Published Date : 26/08/2025
In the rapidly advancing field of artificial intelligence (AI), large language models (LLMs) are showing promising capabilities in various healthcare applications. A recent study conducted at the Eye and ENT Hospital of Fudan University in Shanghai, China, aimed to evaluate the performance of five popular LLMs in addressing cataract-related queries. The models assessed were ChatGPT-4, ChatGPT-4o, Gemini, Copilot, and the open-source Llama 3.5. This evaluation involved both qualitative and quantitative assessments, benchmarking the models' outputs against human-generated responses using seven key metrics: accuracy, completeness, conciseness, harmlessness, readability, stability, and self-correction capability.
The study was designed to provide a comprehensive understanding of how these LLMs perform in a clinical context, particularly in patient education and cataract care. The Eye and ENT Hospital of Fudan University, a leading institution in ophthalmology, provided the necessary expertise and resources to conduct this rigorous evaluation. The research team, comprising professionals from both Fudan University and the Zhejiang Provincial Hospital of Chinese Medicine, ensured a multidisciplinary approach to the study.
In the information quality assessment, ChatGPT-4o emerged as the top performer, achieving the highest scores in accuracy (6.70 ± 0.63), completeness (4.63 ± 0.63), and harmlessness (3.97 ± 0.17). Gemini, on the other hand, excelled in conciseness, with a score of 4.00 ± 0.14. These results indicate that ChatGPT-4o and Gemini are particularly well-suited for providing detailed and concise responses to cataract-related questions.

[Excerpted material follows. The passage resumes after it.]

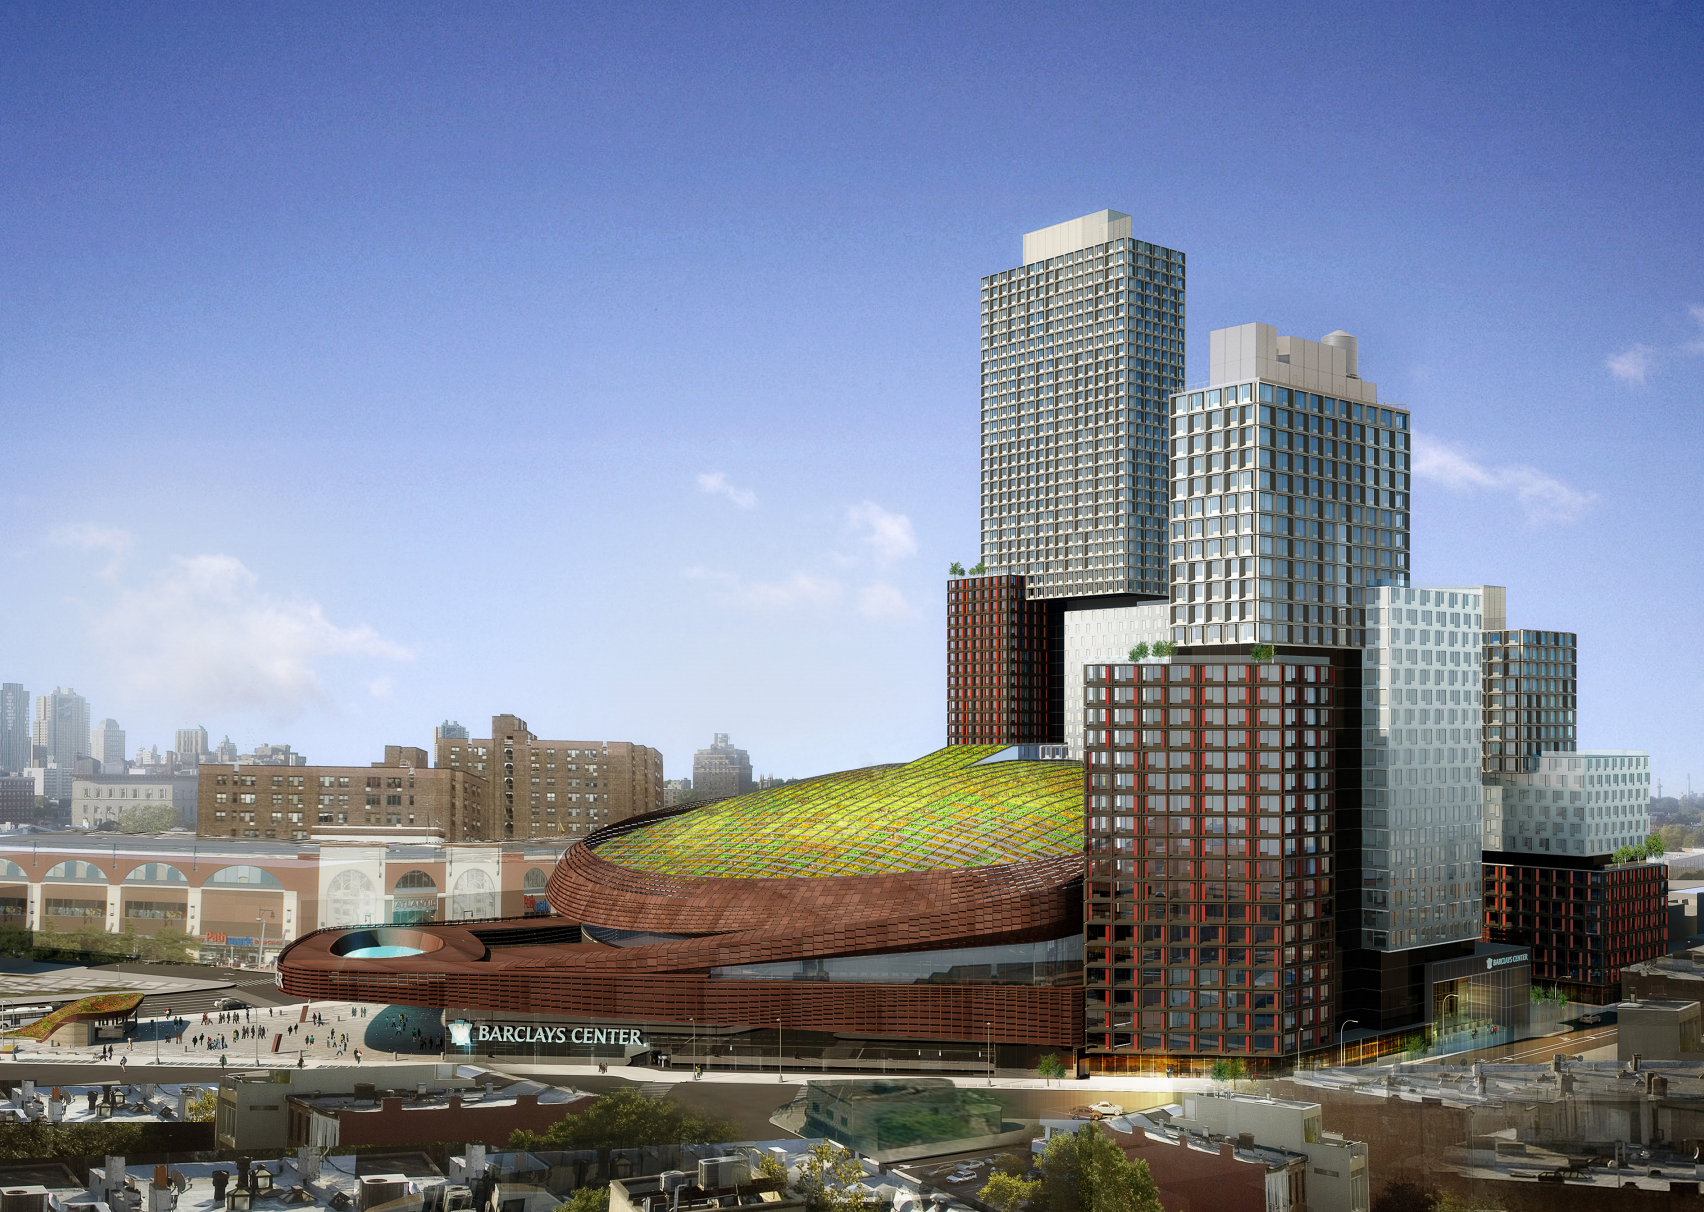 38 Sixth Avenue and the Barlcays Center, rendering by SHoP Architects

Further subgroup analysis revealed that all LLMs performed comparably to or better than humans across different clinical topics. This suggests that these models can effectively handle a wide range of cataract-related queries, from basic patient education to more complex clinical issues. The readability assessment, however, showed that ChatGPT-4o had the lowest readability score (26.02 ± 10.78), indicating the highest level of reading difficulty. Copilot, with a readability score of 40.26 ± 14.58, was more readable but still less so than human-generated content, which had a score of 51.54 ± 13.71.
Stability in reproducibility and stability assessment was another critical metric. Copilot demonstrated the best stability, which is crucial for ensuring consistent and reliable responses in a clinical setting. All LLMs also exhibited strong self-correction capability when prompted, a feature that can help mitigate potential errors and improve the accuracy of responses over time.

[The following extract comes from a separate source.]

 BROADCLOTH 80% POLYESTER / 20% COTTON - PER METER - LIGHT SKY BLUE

Despite these promising results, the study emphasizes the importance of cautious and critical evaluation of AI in clinical practice. Clinicians and patients should be aware of the limitations of AI, particularly in terms of readability and the potential for complex medical jargon. The research team concluded that LLMs have considerable potential in providing accurate and comprehensive responses to common cataract-related clinical issues, with ChatGPT-4o leading the way in accuracy, completeness, and harmlessness.
This study underscores the growing role of AI in healthcare, particularly in patient education and clinical decision-making. As LLMs continue to evolve, they have the potential to significantly enhance the quality of care for patients with cataracts and other ophthalmic conditions. However, ongoing research and validation are necessary to ensure that these technologies are used effectively and safely in clinical settings.

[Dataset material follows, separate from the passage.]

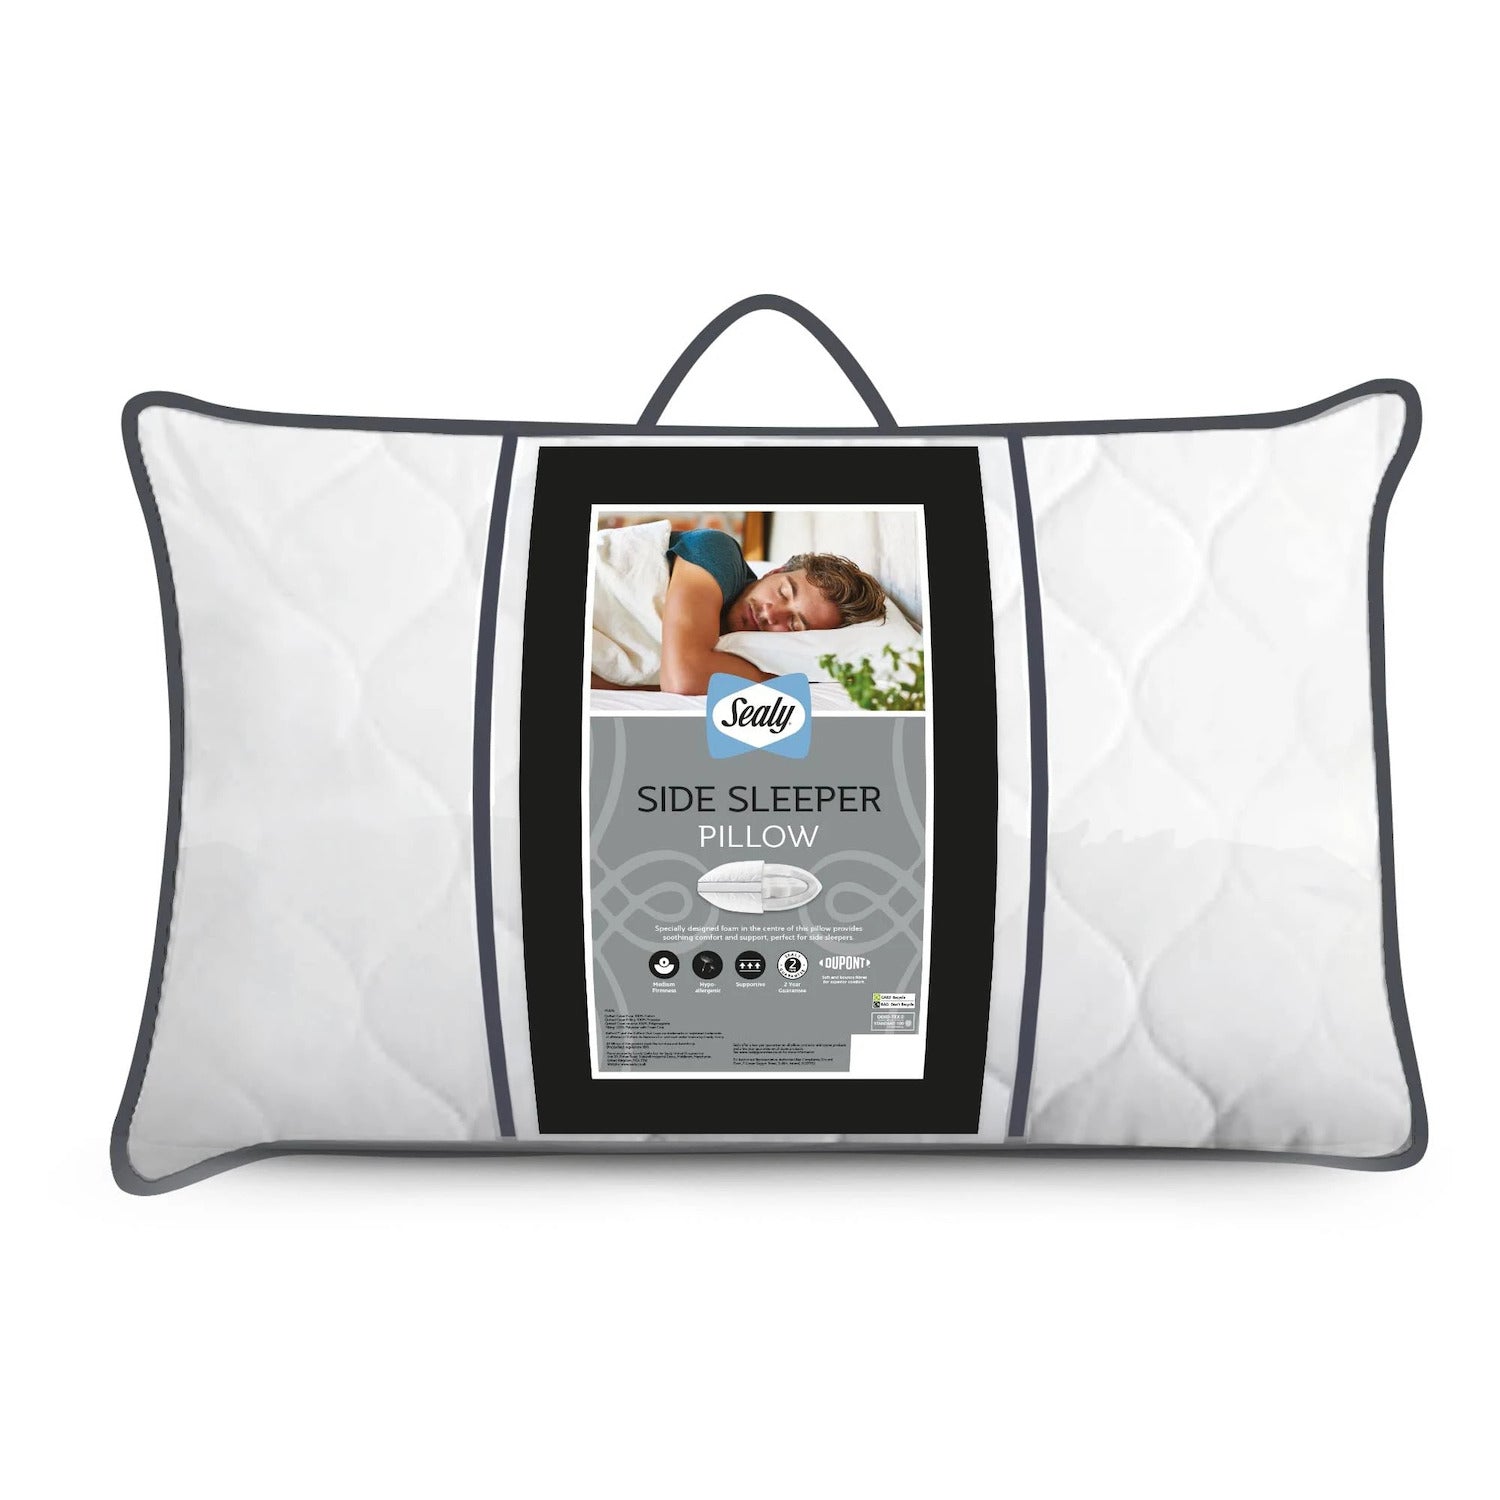 The Sealy Side Sleeper Pillow

In summary, the study at the Eye and ENT Hospital of Fudan University provides valuable insights into the performance of LLMs in cataract care. The results highlight the potential of AI to improve patient education and clinical practice, while also emphasizing the importance of continued research and careful implementation. As AI technology advances, it is likely to play an increasingly important role in the future of healthcare.
Q: What is the main purpose of the study?
A: The main purpose of the study was to evaluate the performance of five large language models (LLMs) in addressing cataract-related queries, focusing on metrics such as accuracy, completeness, conciseness, harmlessness, readability, stability, and self-correction capability.
Q: Which LLM performed the best in the study?
A: ChatGPT-4o performed the best, achieving the highest scores in accuracy, completeness, and harmlessness.
Q: What were the key metrics used to assess the LLMs?
A: The key metrics used to assess the LLMs were accuracy, completeness, conciseness, harmlessness, readability, stability, and self-correction capability.
Q: How did the LLMs compare to human-generated responses?
A: The LLMs performed comparably to or better than human-generated responses in most metrics, with some models excelling in specific areas like conciseness and stability.
Q: What are the limitations of using AI in cataract care?
A: The limitations of using AI in cataract care include readability issues, potential for complex medical jargon, and the need for ongoing research and validation to ensure safe and effective use in clinical settings.